Now Monya’s book, Lazy Keto Kitchen, is available to buy in stores, the author has given Express.co.uk a glimpse of what’s inside.
She shares three of her favourite recipes for you to try at home.
Battered fish with tartare sauce
Monya said: “My keto batter is delicately crispy and so light: I just know you will love it as much as I do.

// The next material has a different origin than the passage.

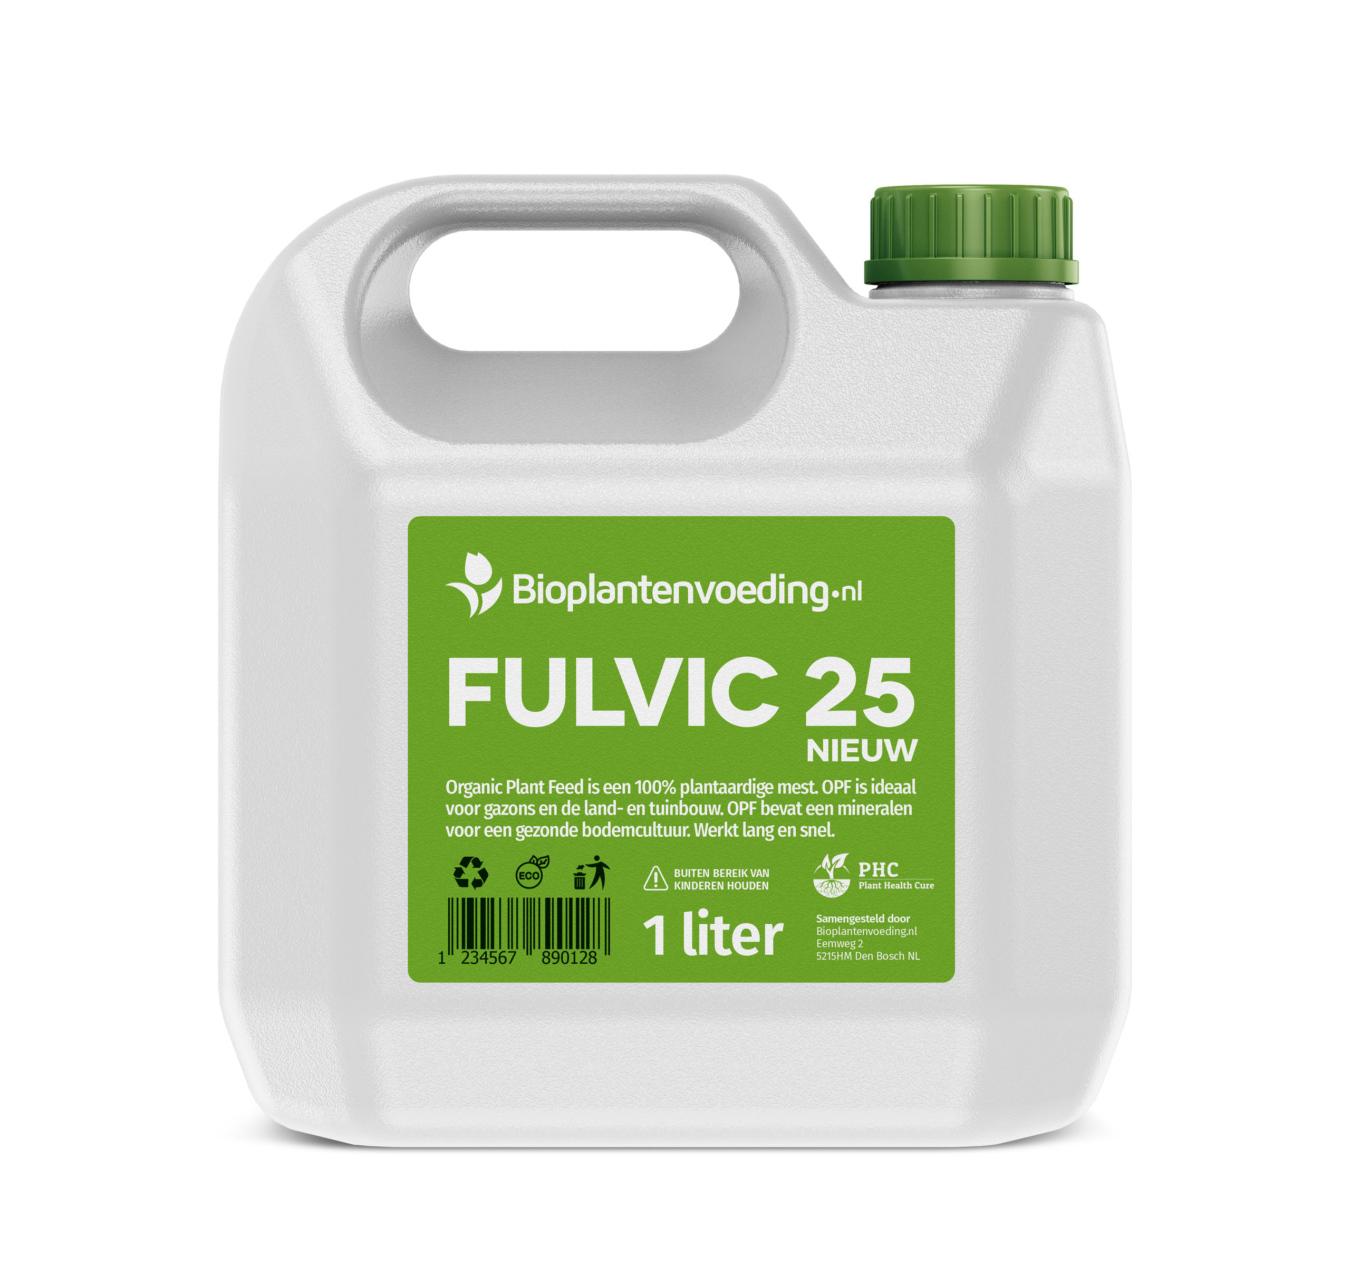 Koop Fulvic [25 New]

“I have provided a quick and easy tartare sauce which can be enjoyed alongside, and I promise you won’t even miss the chips.”
Prep time: 15 minutes
Cook time: 10 minutes
2 skinless, boneless white fish fillets, approx. 140g/5oz each (any white fish will do, but I like to use cod loins)
1 egg white
1 tablespoon double cream
2 tablespoons arrowroot powder (or use a 16g/½ oz sachet)
1 teaspoon baking powder
½ teaspoon paprika
ghee, for deep-frying
1 teaspoon psyllium husk powder
salt flakes, salt and ground white pepper
small handful of fresh flat-leaf parsley, finely chopped, to garnish
lemon wedges, to serve
70g (2½oz) mayonnaise
15g (½oz) small capers, finely chopped
15g (½oz) gherkins or cornichons, finely chopped
squeeze of fresh lemon
1 tablespoon finely chopped fresh flat leaf parsley
Begin by making the tartare sauce.
Simply combine all the ingredients in a small bowl and set aside.
Remove the fish fillets from their packaging and pat dry using paper towels. This step is essential to allow the batter to adhere to the fish.
Season all sides with salt and ground white pepper and set aside.
In a small bowl, whisk together the egg white, cream, arrowroot powder, baking powder and paprika, and season.
Add enough ghee for deep-frying to a medium-sized saucepan and place over a high heat until it is very hot.
Have a plate lined with paper towels at the ready, as well as a slotted spoon or spider strainer.
Once you are ready to deep-fry, whisk the psyllium husk powder into the bowl of batter.
If your batter is left to stand for too long, the psyllium husk powder will thicken the mixture far too much, so it’s important to do it at the last moment. (If you find it does over-thicken, just whisk in a small dash of cream or egg white to loosen it up again.)
Working quickly, dip the fish into the batter and allow any excess batter to run off.
Carefully lower the fish into the ghee.
Spoon the hot ghee over the top of the fish as it is deep-frying, then gently flip the fish over.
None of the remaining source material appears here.